2.5.2 Harmoni dengan Sesama Manusia

  

Setelah memahami bagaimana menempatkan komponen diri kita ditempat

  yang tepat, dan menjadikan diri kita harmonis dengan diri sendiri mulailah kita belajar memahami bagaimana menempatkan diri kita dalam hubungannya dengan orang lain. Manusia diciptakan sebagai mahluk sosial yang harus berinteraksi dengan sesamanya. Tidak jarang pula masalah timbul disebabkan ketidakmampuan kita menyesuaikan diri kita dengan faktor eksternal (orang lain). Inilah sebabnya pemahaman tentang keharmonisan tidak cukup kita kembangkan hanya dalam taraf harmoni dengan diri sendiri, namun juga harus dikembangkan juga pada taraf harmoni dengan orang lain.

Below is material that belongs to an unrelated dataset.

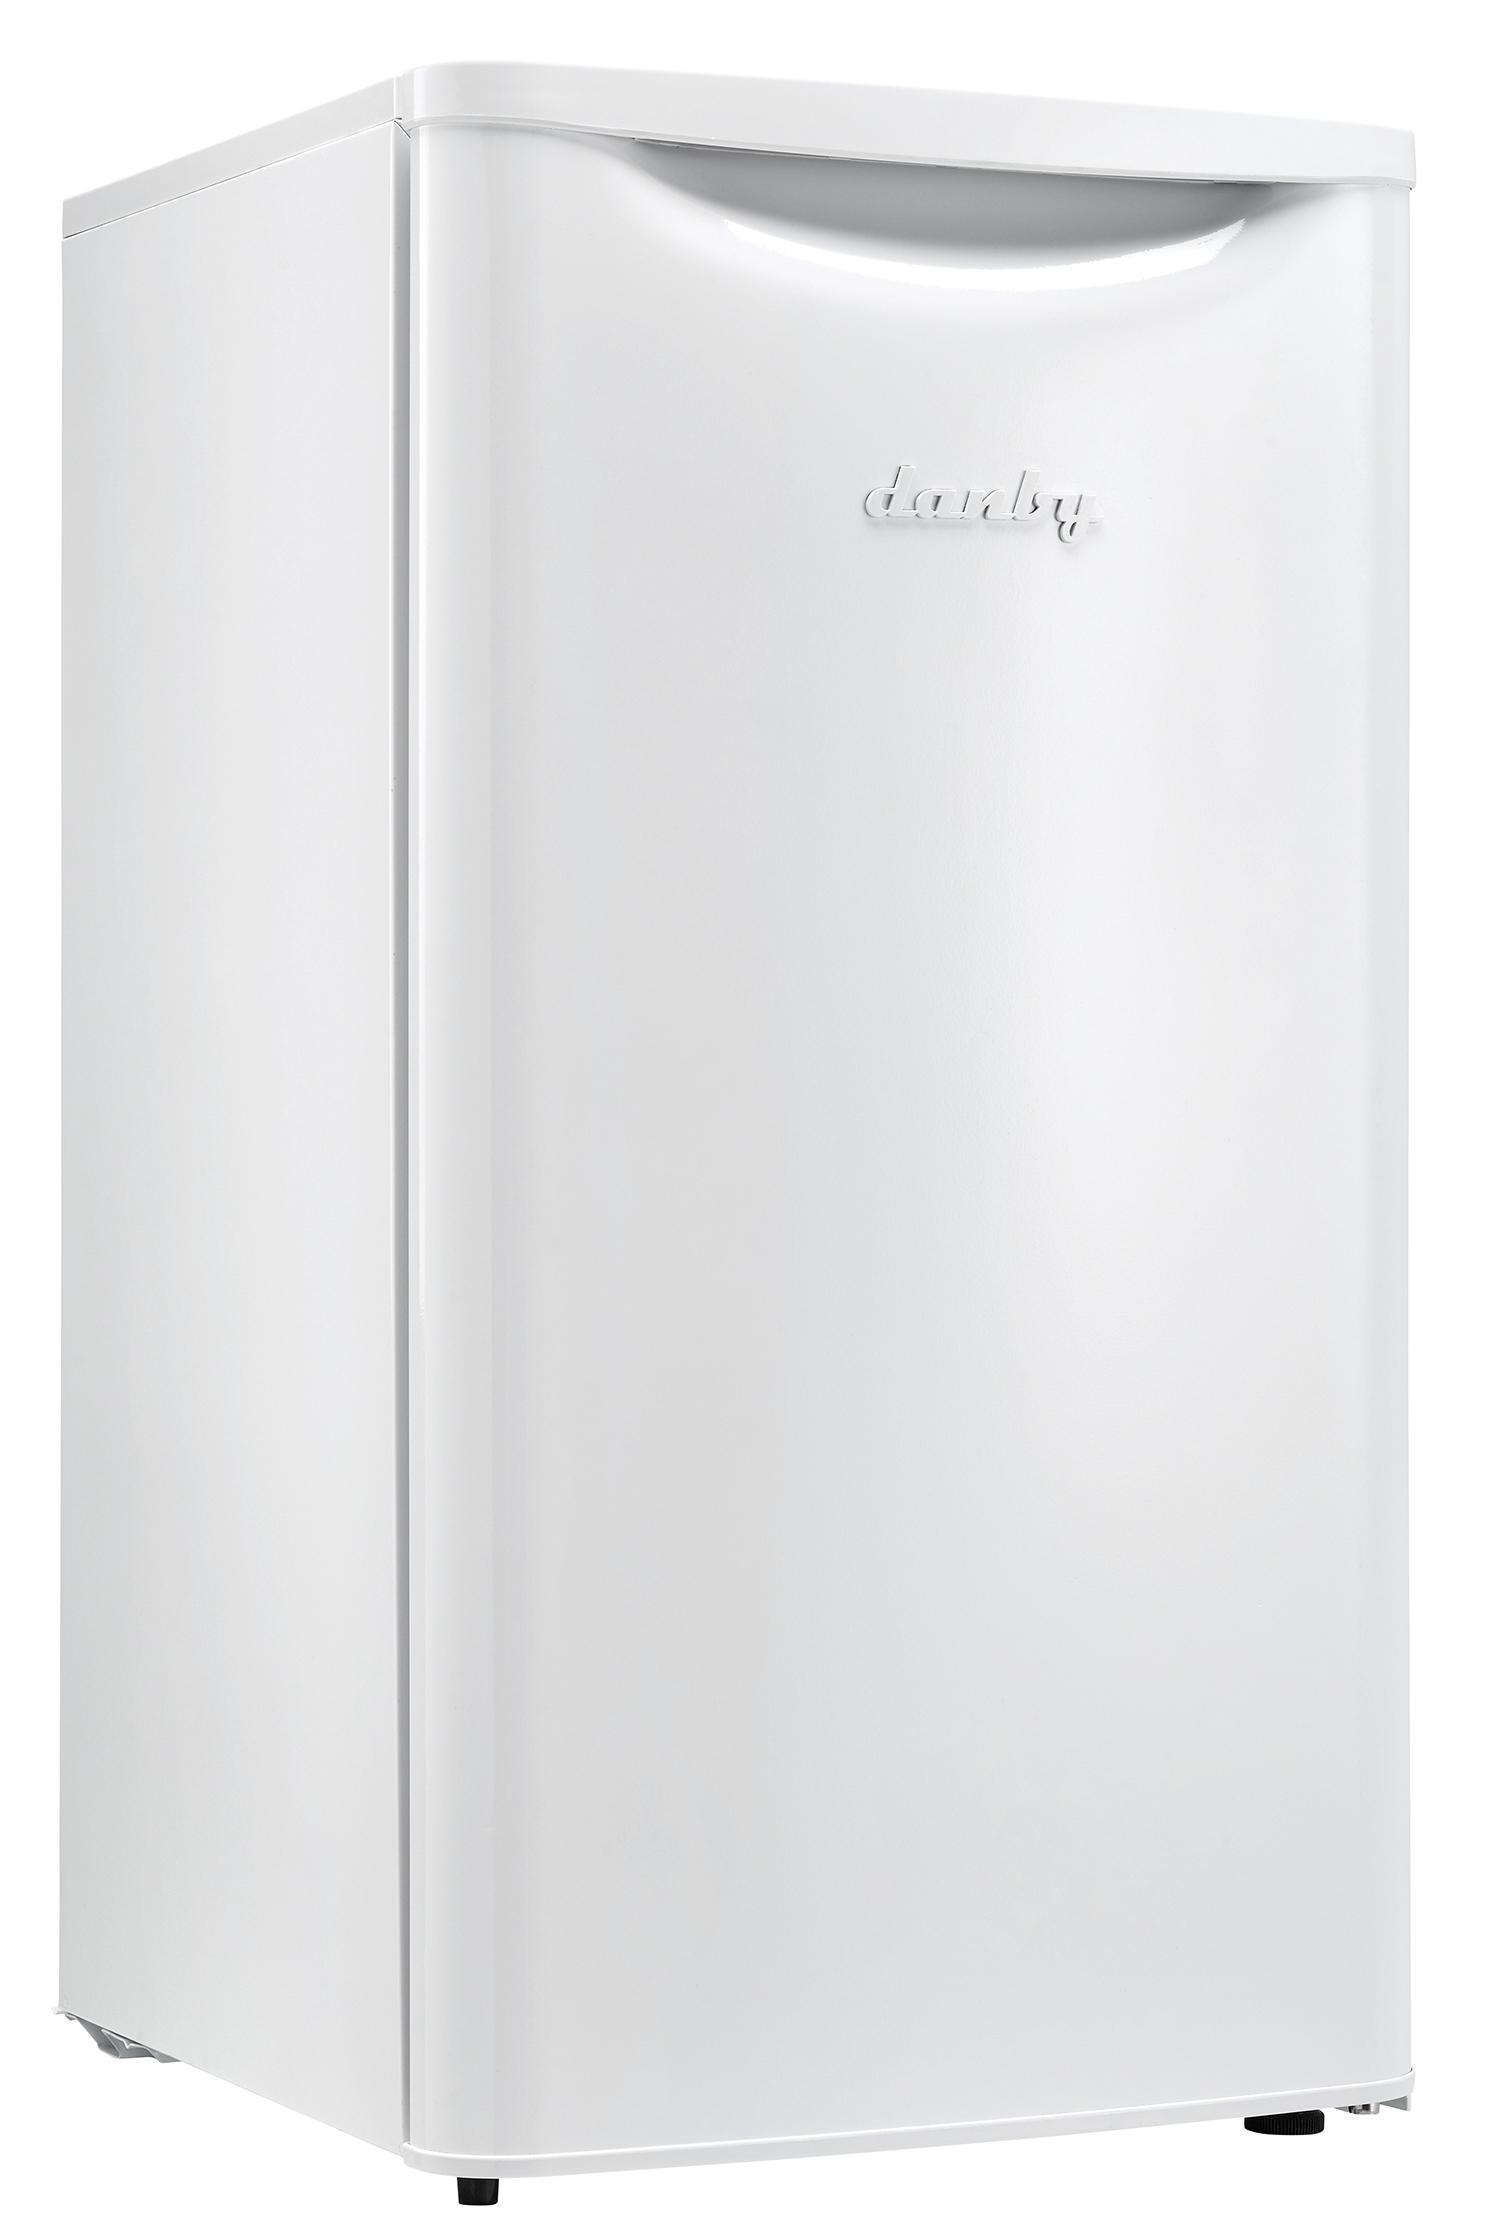 Danby Countertop Ice Maker Manual : DAR033A6WDB Danby 3.3 Cu.Ft. Compact Refrigerator EN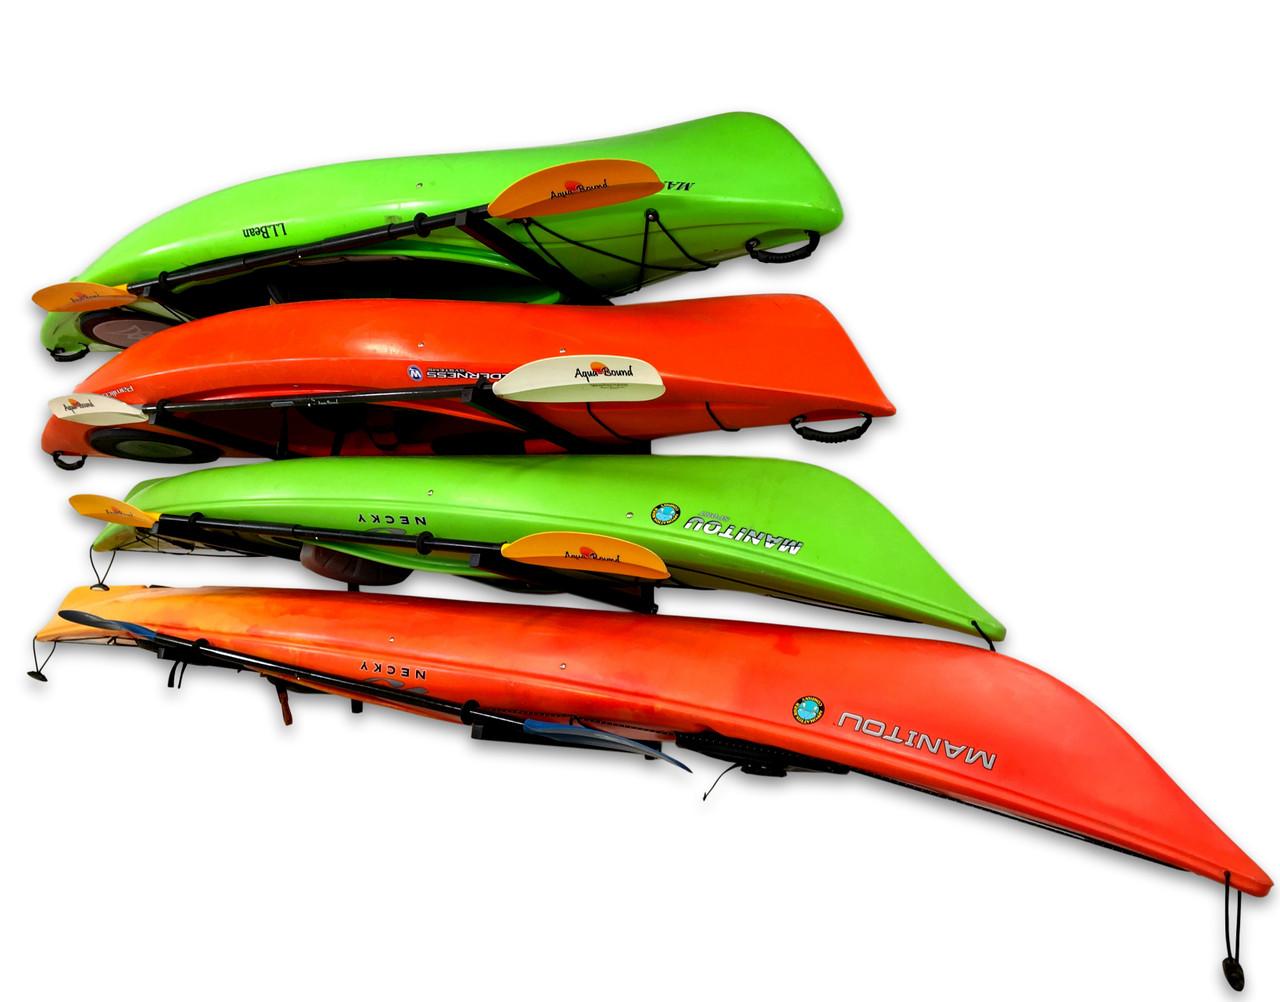 indoor adjustable wall storage rack for kayaks

2.5.3 Harmoni dengan Sesama Mahluk Ciptaan TUHAN

  Dengan kata lain mengharmonisasikan diri kita dengan alam, ini adalah tahapan pemahaman tentang keharmonisan di level yang ketiga, dimana kemudian kita mulai melihat keberadaan kita sebagai bagian dari sebuah kesatuan yang lebih besar yaitu lingkungan kehidupan kita, hingga yang paling besar adalah bagian dari alam semesta, dalam tahap pemahaman ini, kesadaran tentang eksistensi diri kita meluas hingga kita memahami peran yang harus kita mainkan dalam hubungannya dengan lingkungan kita, komunitas dan habitat kita, sehingga kita kemudian berusaha untuk menempatkan diri yang tepat dalam interaksi kehidupan yang dijalani bersama sesama manusia (www.Indie Publishing.com).

2.5.4 Harmoni dengan Dojo

   Sebagai tempat latihan, dojo sendiri merupakan tempat yang pas untuk

  latihan penyelarasan dengan lingkungan. Etika yang diberlakukan di dojo, pengaturan alas kaki, cara duduk, urutan duduk, cara menghormati, dll, Harus dipatuhi sebaik mungkin. Dalam hal waza, harmoni dengan dojo tampak misalnya dalam mengarahkan waza seperti kaiten nage. Nage harus memperhatikan agar uke tidak menabrak tiang, dinding atau teman latihan lain. Jatuh itu gampang, tapi jatuh dengan enak, dengan ukemi yang benar, menyatukan diri dengan matras atau tanah itu lain soal. Harus dilatih teknik aikidou serta sikap mental sehingga seseorang dapat menyatu dengan lingkungannya, menyelaraskan gravitasi dan arah laju tubuh yang jatuh atau menyelaraskan diri menggelinding dengan hampir tidak bersuara di matras (www.aikidojogjakarta.com/?p=818).